The press remains obdurate. On PBS’s NewsHour as recently as January 13, Jonathan Capehart (columnist for the Washington Post), one of the two panelists on Friday evenings who breaks down the week’s political news, displayed unwavering loyalty to Mr. Biden amidst his most recent problems, that of having housed classified documents, the same transgression for which Mr. Trump, say the liberal elite, must be indicted. But Mr. Capehart, like so many in the fourth estate, jumped to Biden’s defence like a wounded mother protecting its young. In the opening question from the moderator, Capehart went to great lengths to distinguish the difference between the Biden case and the Trump offense. Capehart summarized, “We are talking about 20 documents, classified documents from when Joe Biden was Vice-President of the USA. This is apples and basketballs.” 

“Those two objects are spherical in nature and that is all they have in common.” The columnist went on to argue that the case deserved nuance, it happens a lot more than people realize, and that plenty of National Security experts and lawyers can confirm the regular misplacement of classified material. He also suggested that the Biden team acted transparently when the matter became known, while Trump defied the National Archives requests leading to the FBI search (raid?).
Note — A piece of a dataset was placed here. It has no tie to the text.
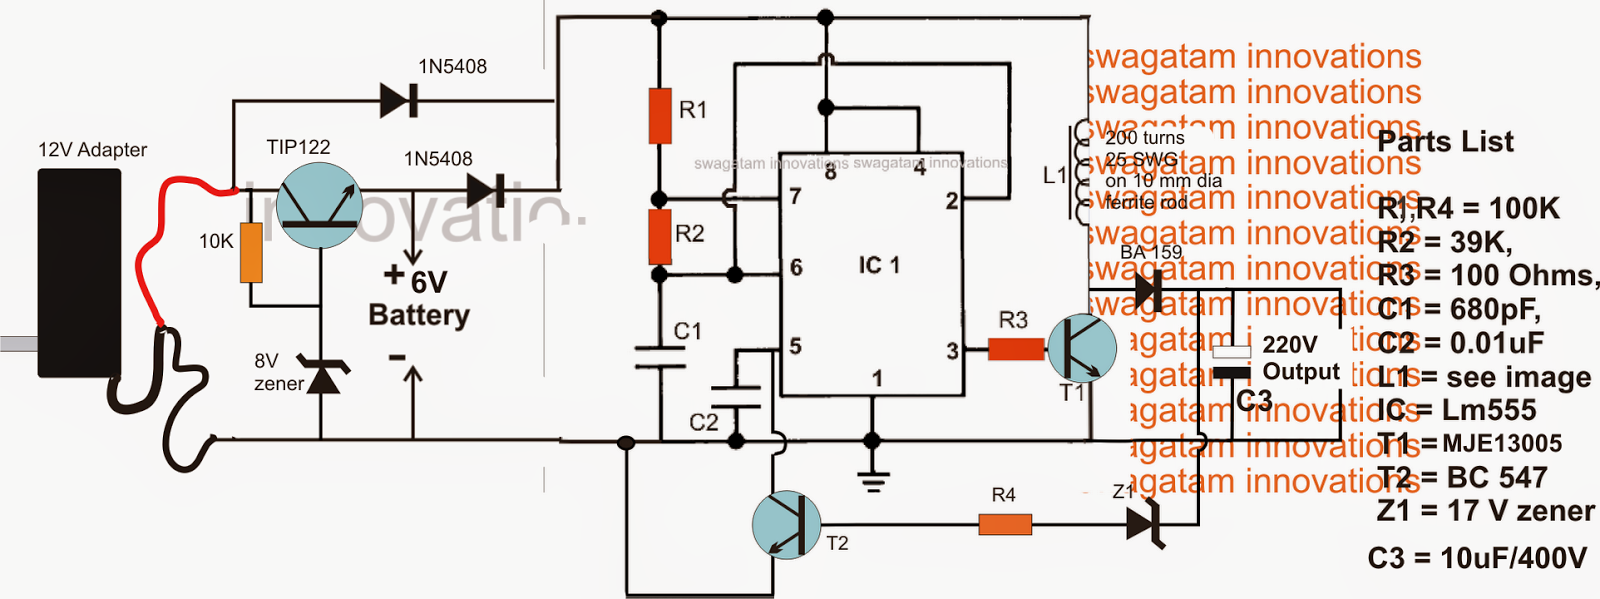 6 volt inverter circuit diagram wiring diagram img 6 volt inverter circuit diagram 6 volt inverter circuit diagram [ 1600 x 599 Pixel ]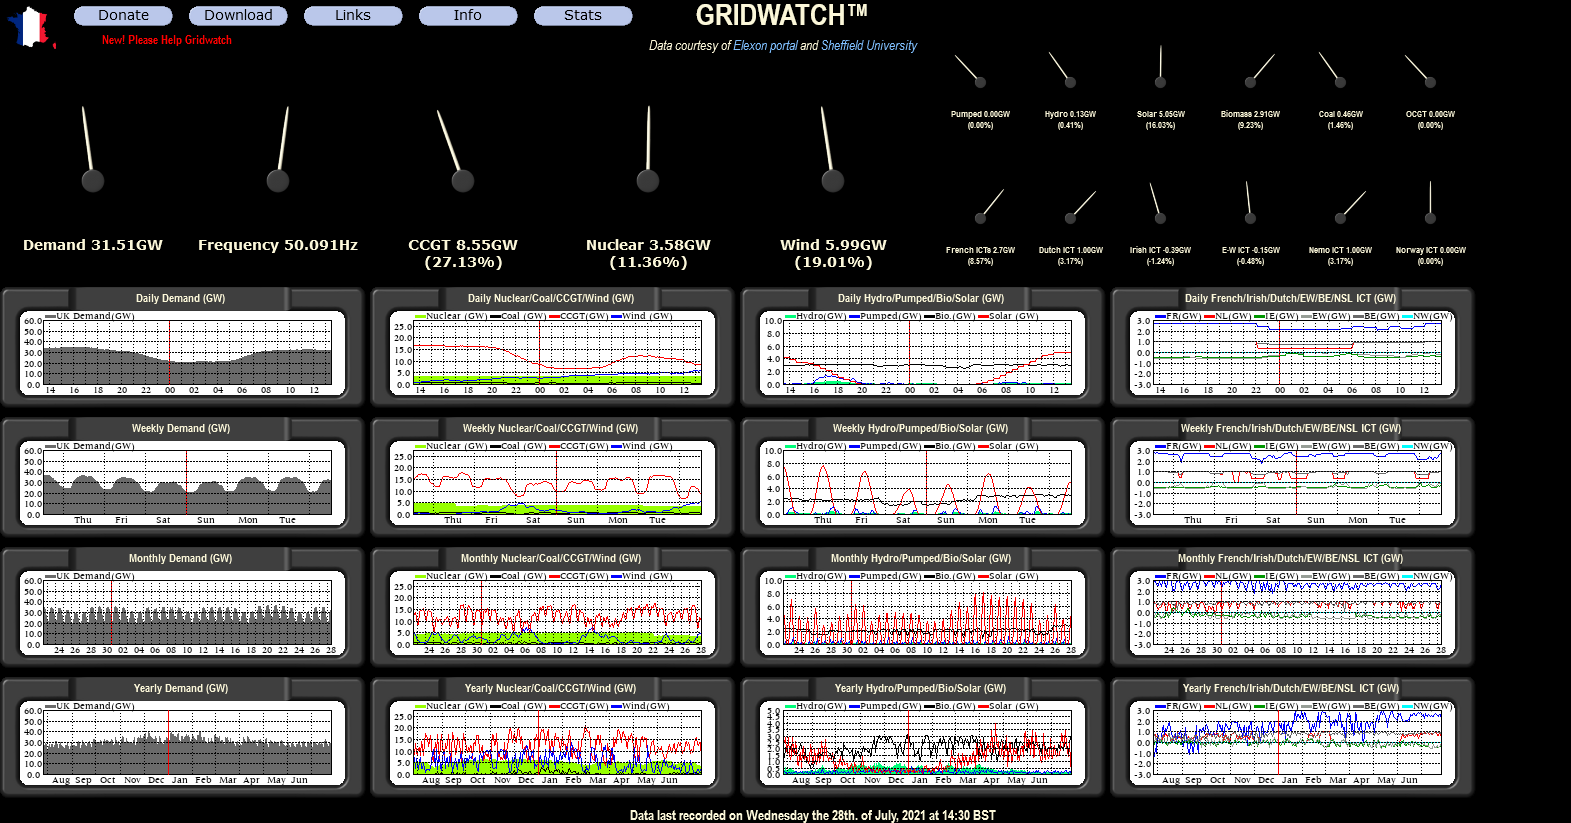 Screenshot 2021-07-28 at 14-38-58 G B National Grid status.png

It’s as if everyone is to take comfort from the fact that Joe Biden, having been caught for the same indiscretion, after blasting his predecessor on national TV for taking the classified material, somehow deserves commendation for admitting the obvious. Capehart leaves out the part about this coming to light a week before the mid-term elections in November and draws no parallel between the crux of the matter, the heist of classified material, and the revealing of the imprudence. 

If one believes that Donald Trump should be indicted for stealing classified documents, the same standard should be applied to Mr. Biden. Liberals and the left spout off about equity in the context of outcome and opportunity. How about some equity when applying justice between two very privileged men who have both held the highest office in the land? Maybe that is too much to ask from a cultural elite bent on applying the old maxim that every man loves justice at another man’s expense.